DATA SEGMENT:

□ □ □ □

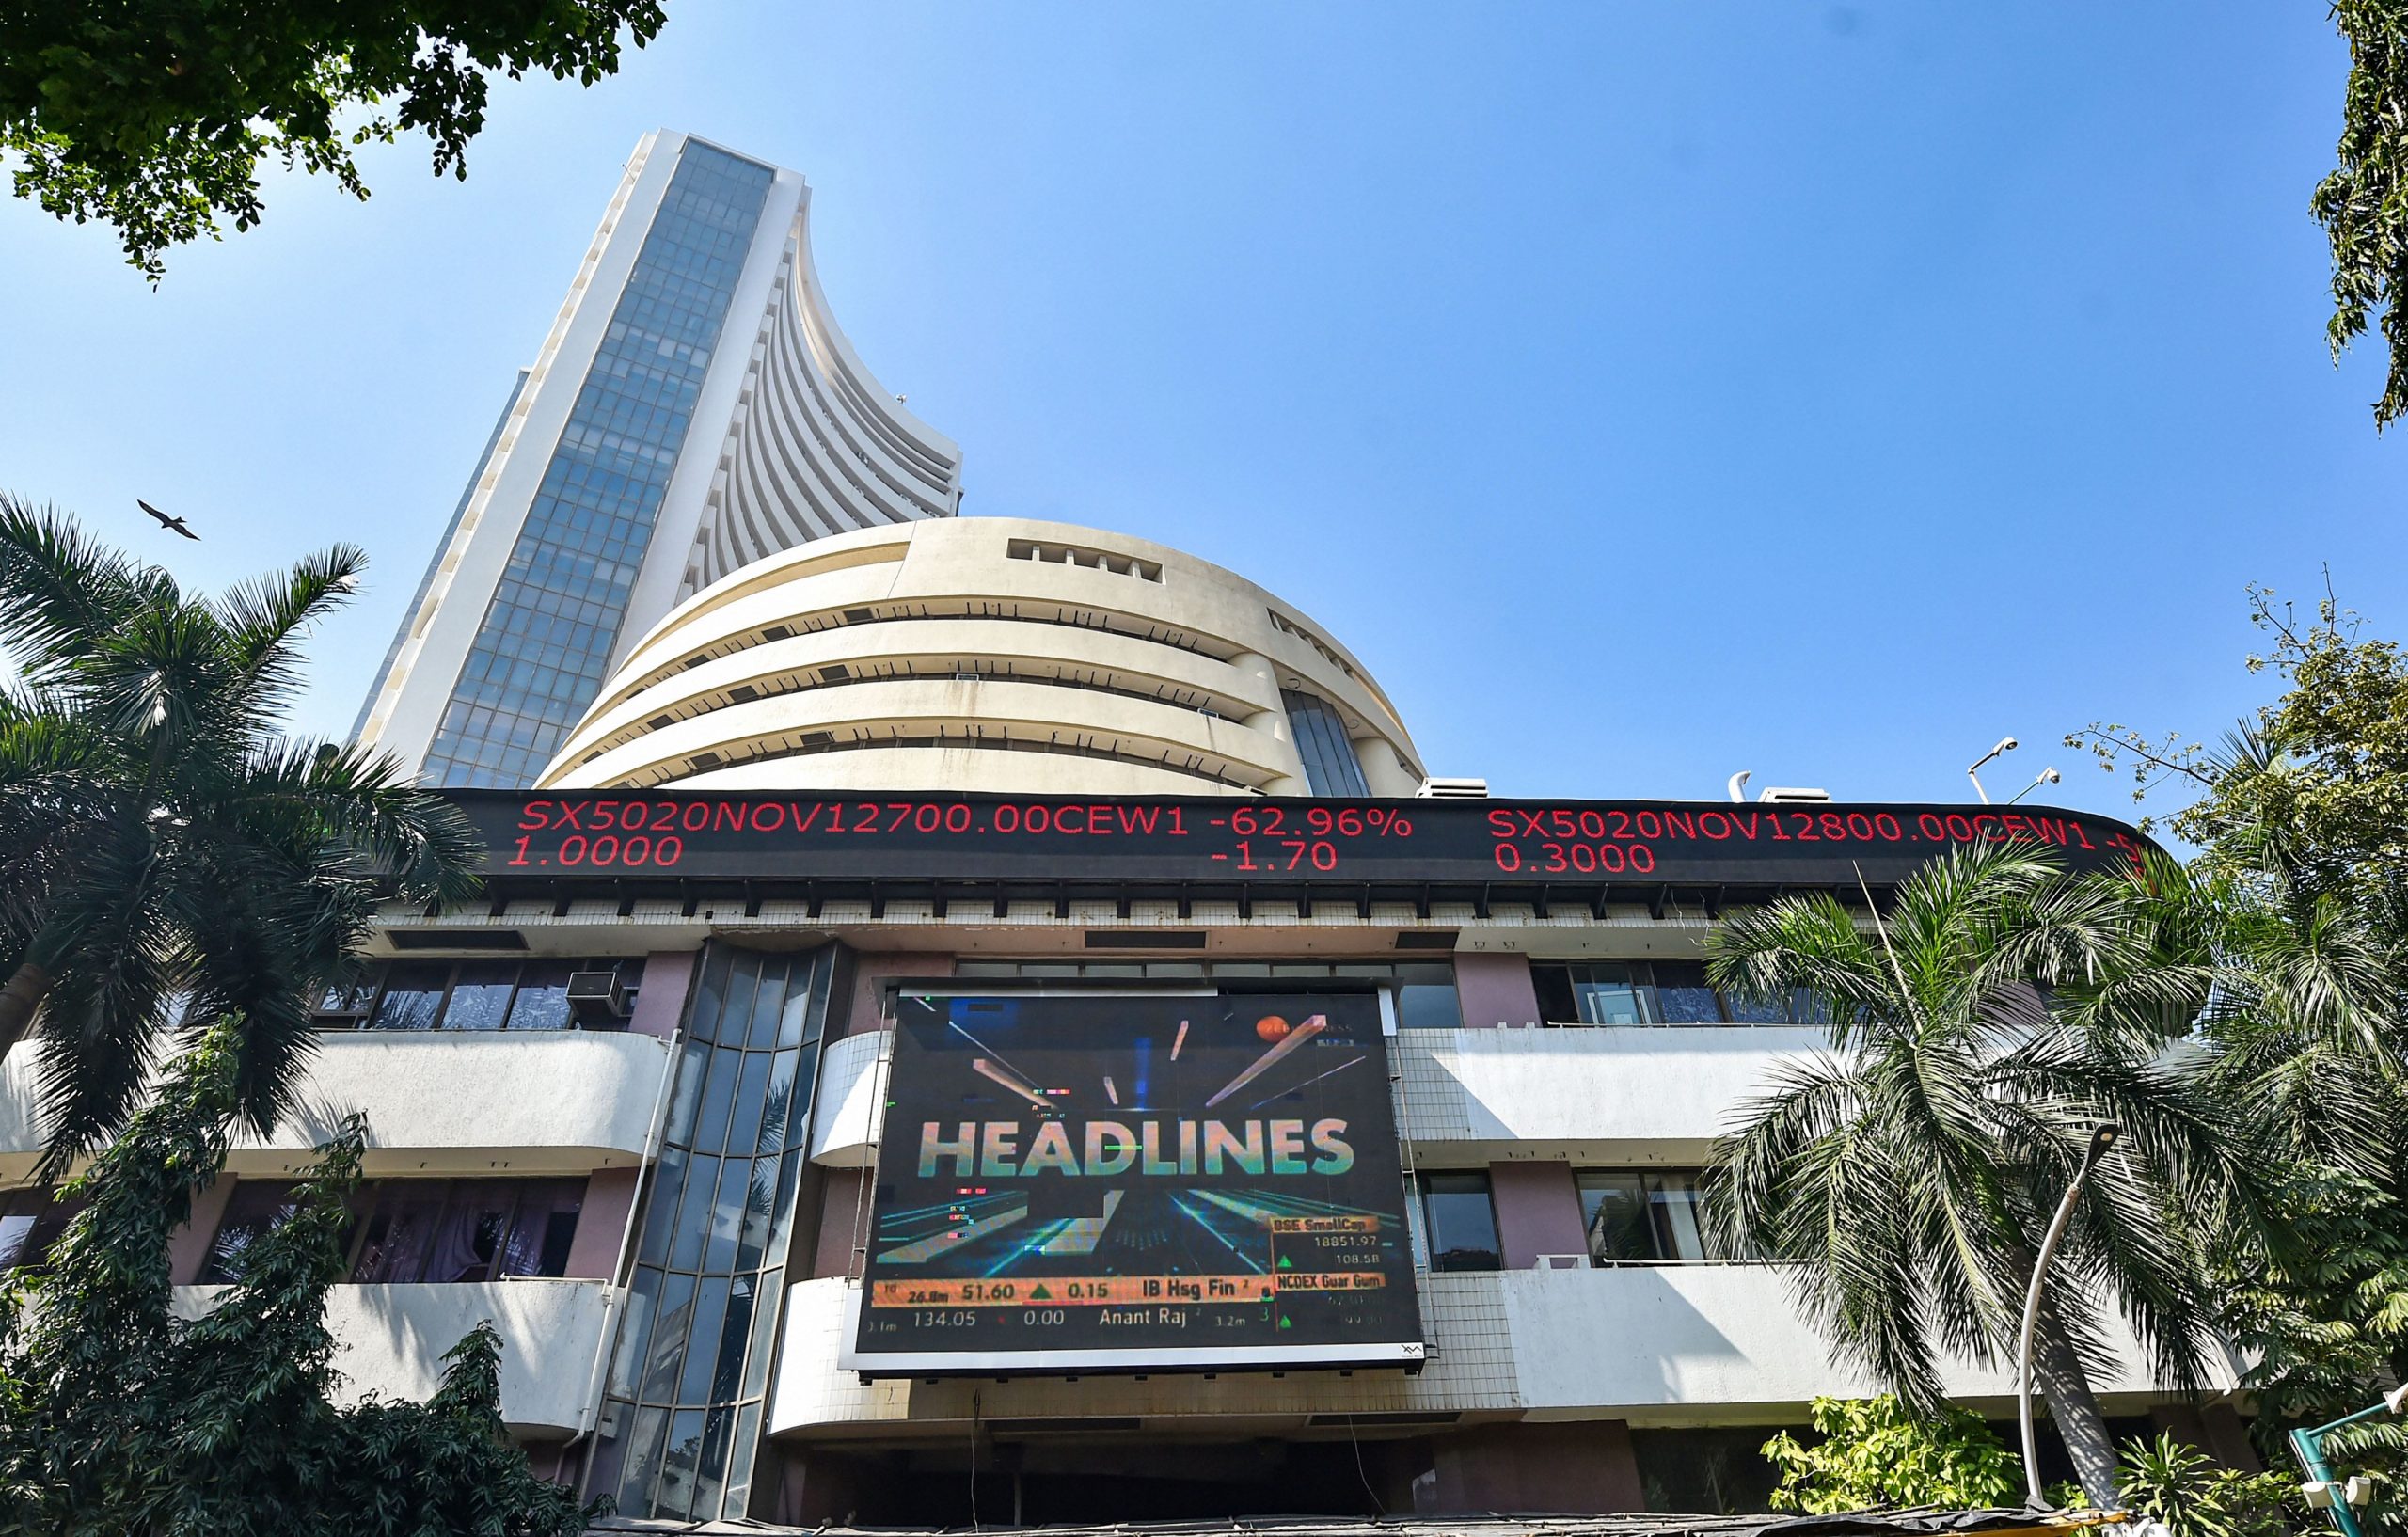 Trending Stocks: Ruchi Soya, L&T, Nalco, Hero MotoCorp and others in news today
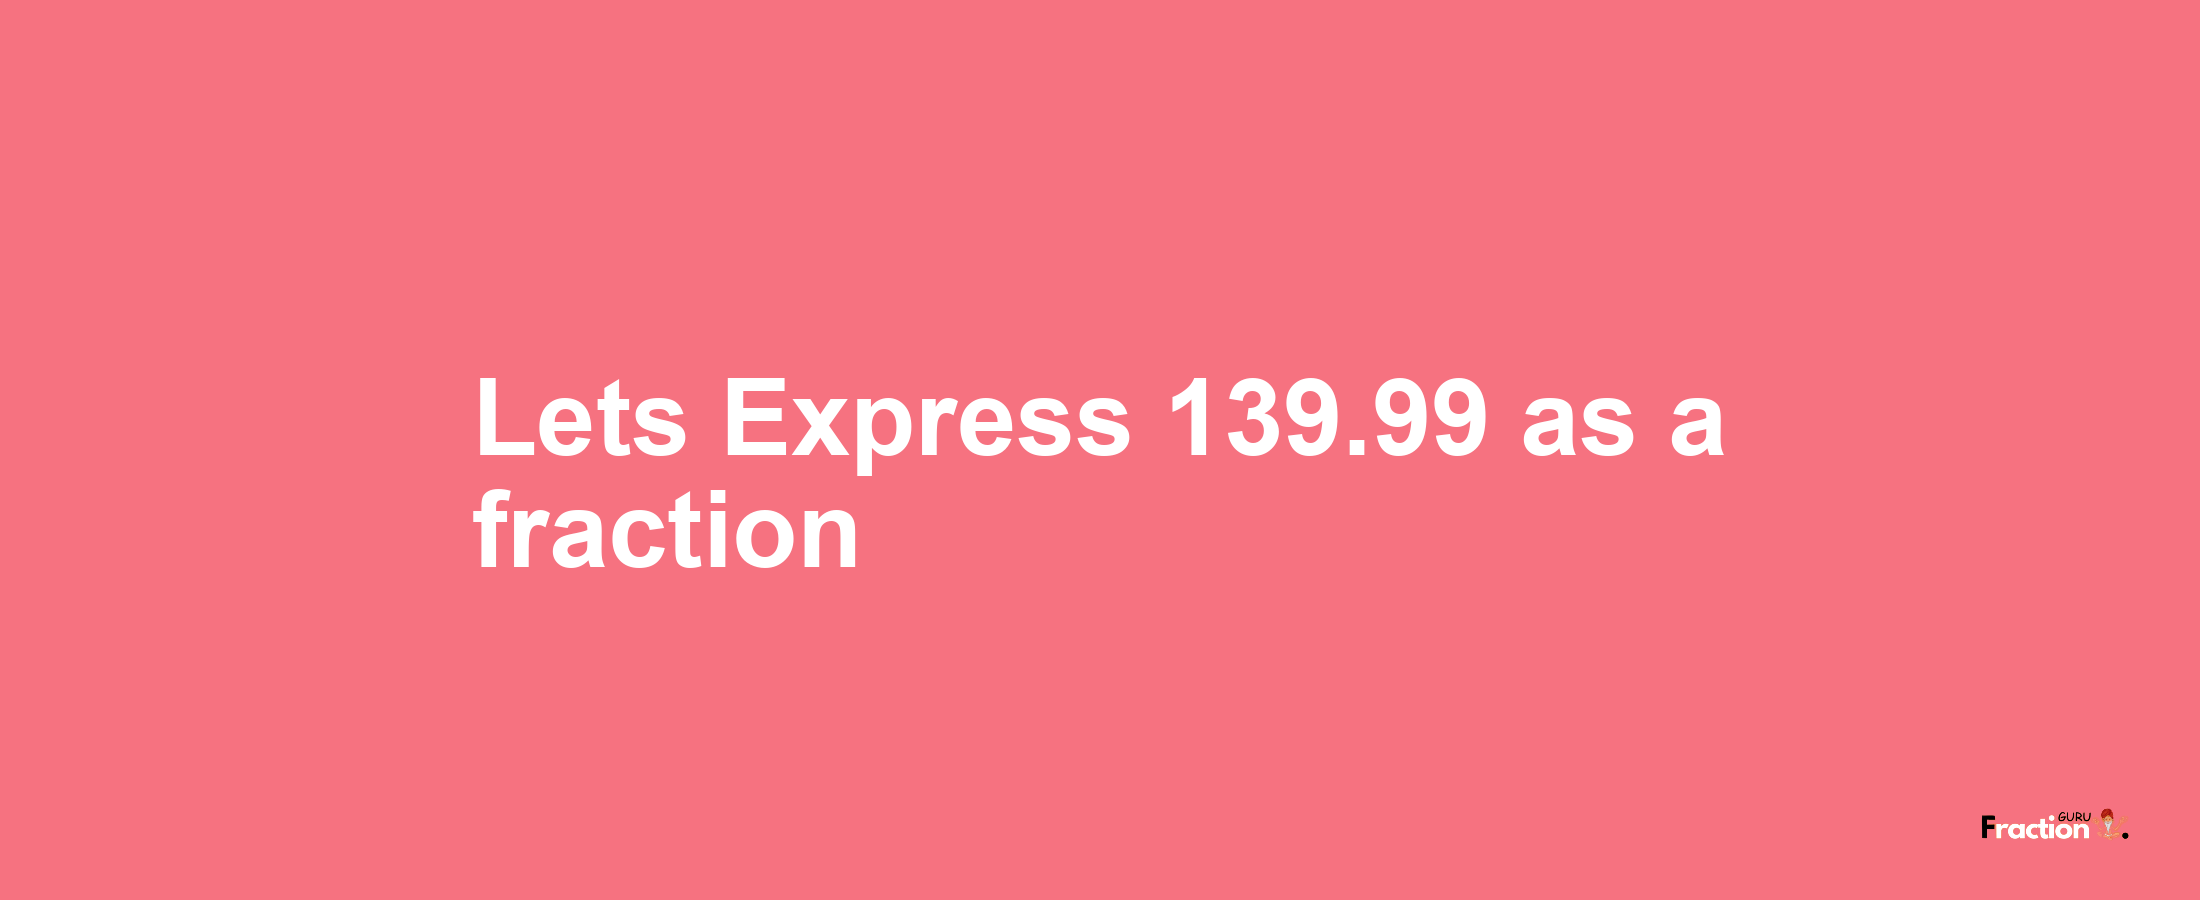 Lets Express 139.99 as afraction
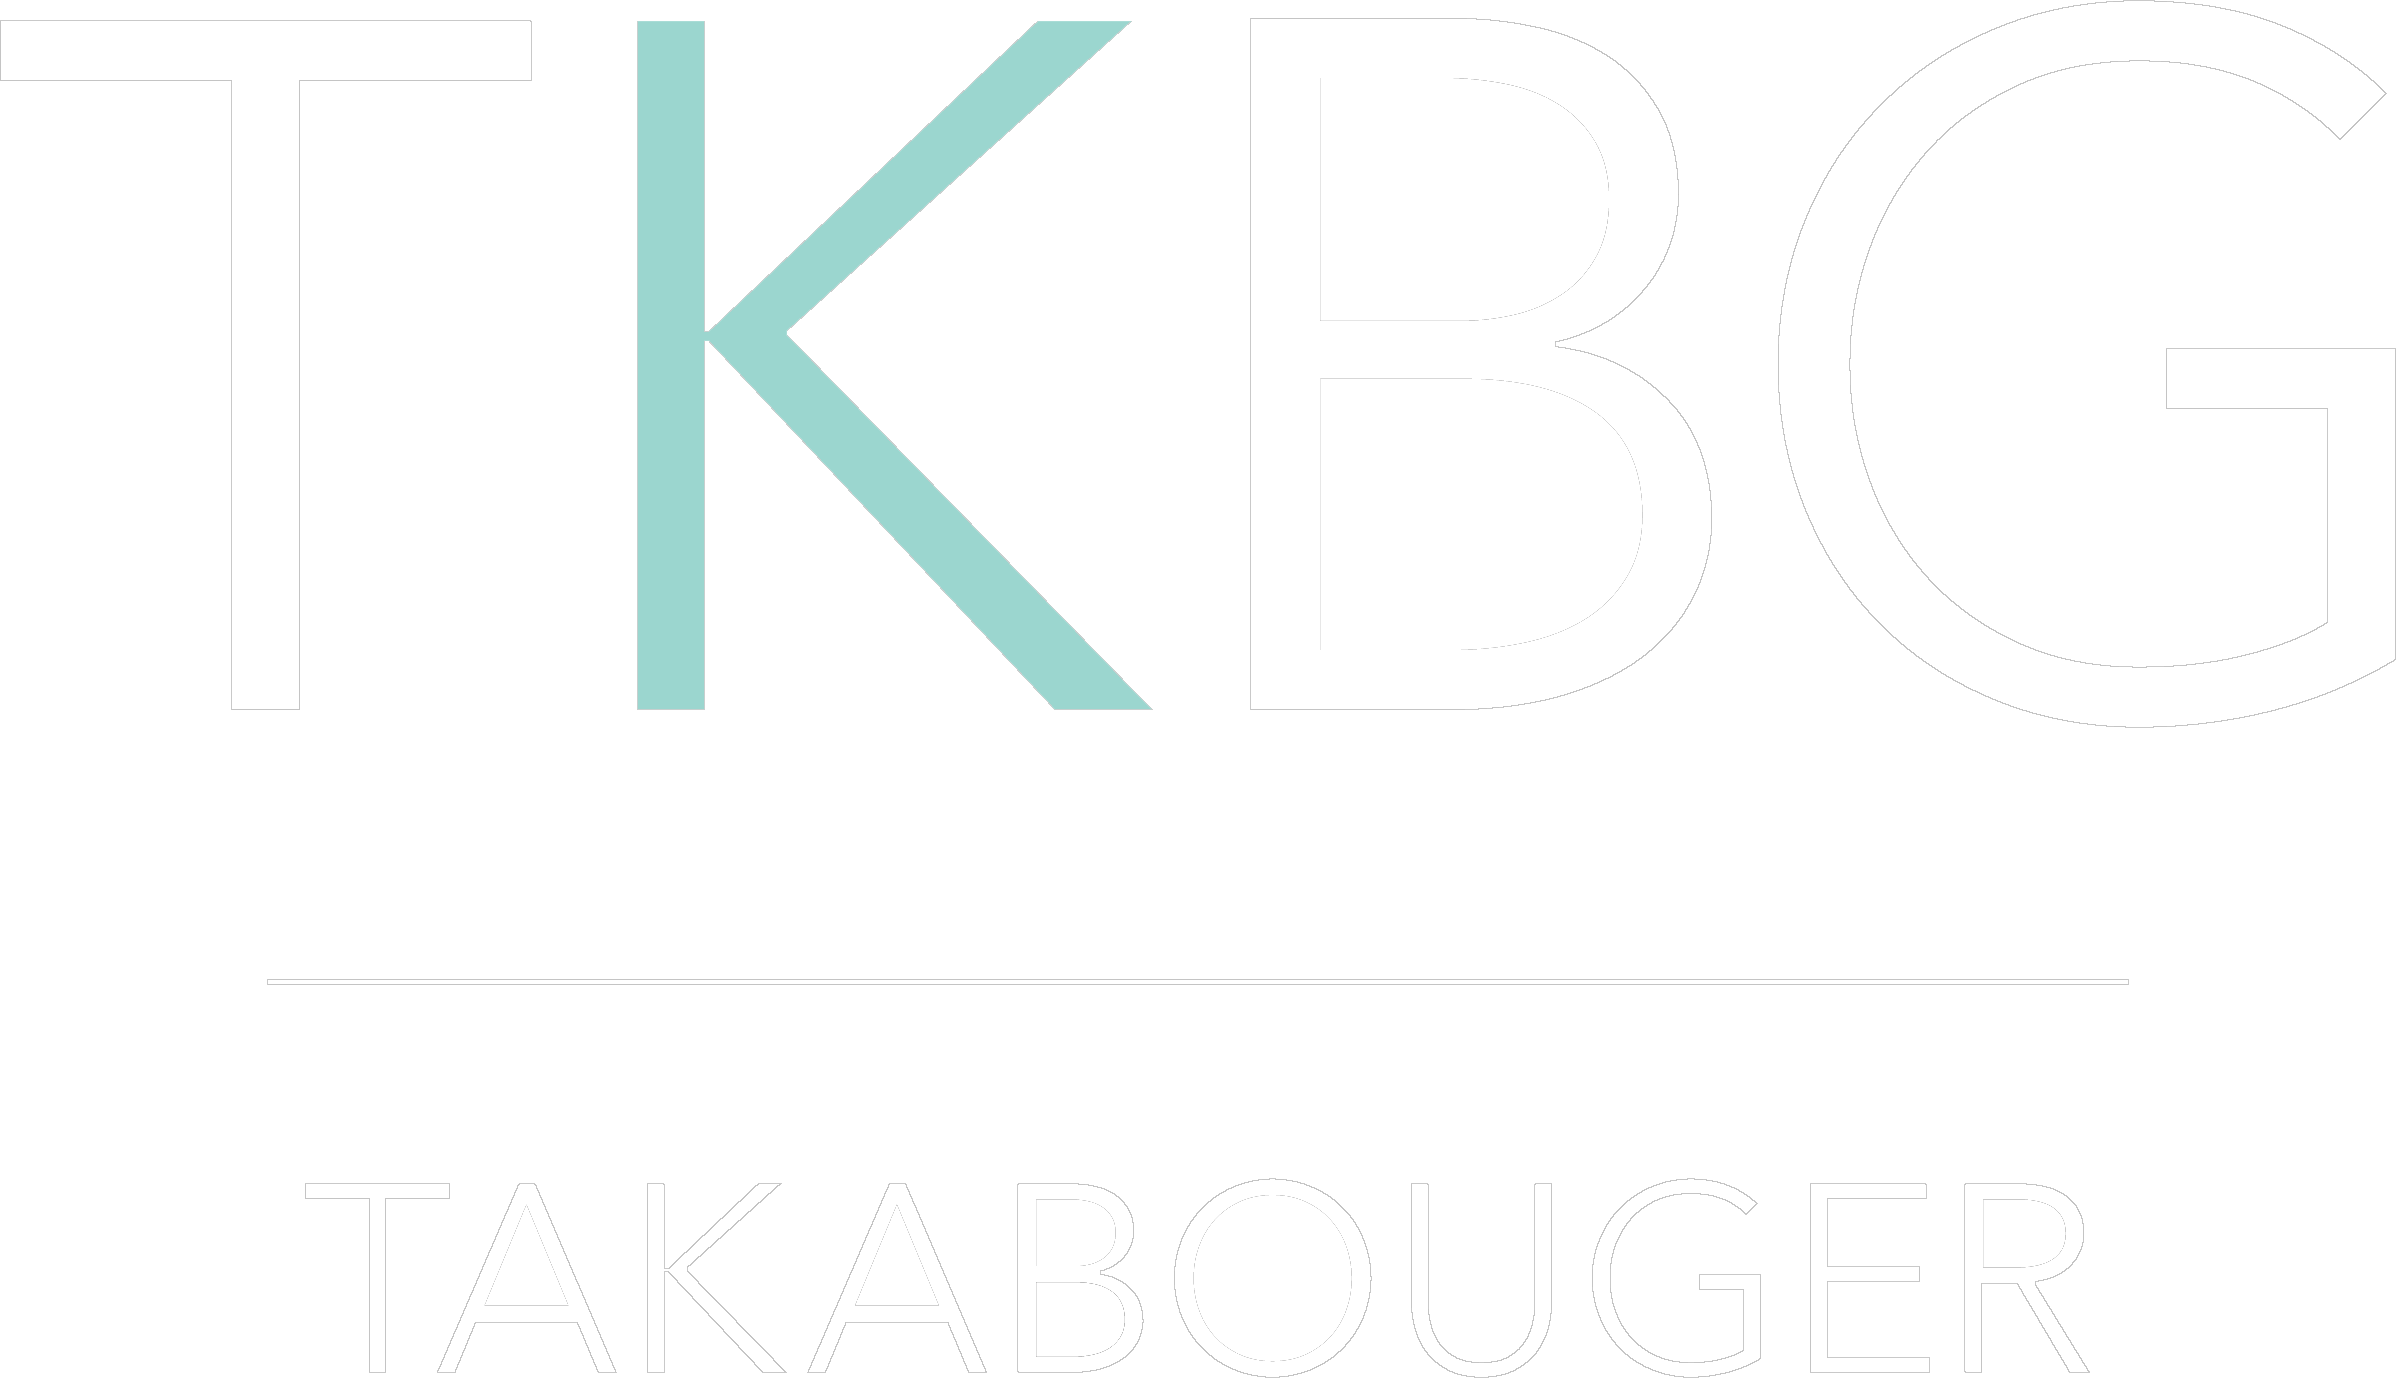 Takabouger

□ □ □ □

EXERCISE INSTRUCTIONS: Pictures aside, reproduce the listing above exactly.

RESULT OF THE EXERCISE:
 Trending Stocks: Ruchi Soya, L&T, Nalco, Hero MotoCorp and others in news today
 Lets Express 139.99 as afraction
 Takabouger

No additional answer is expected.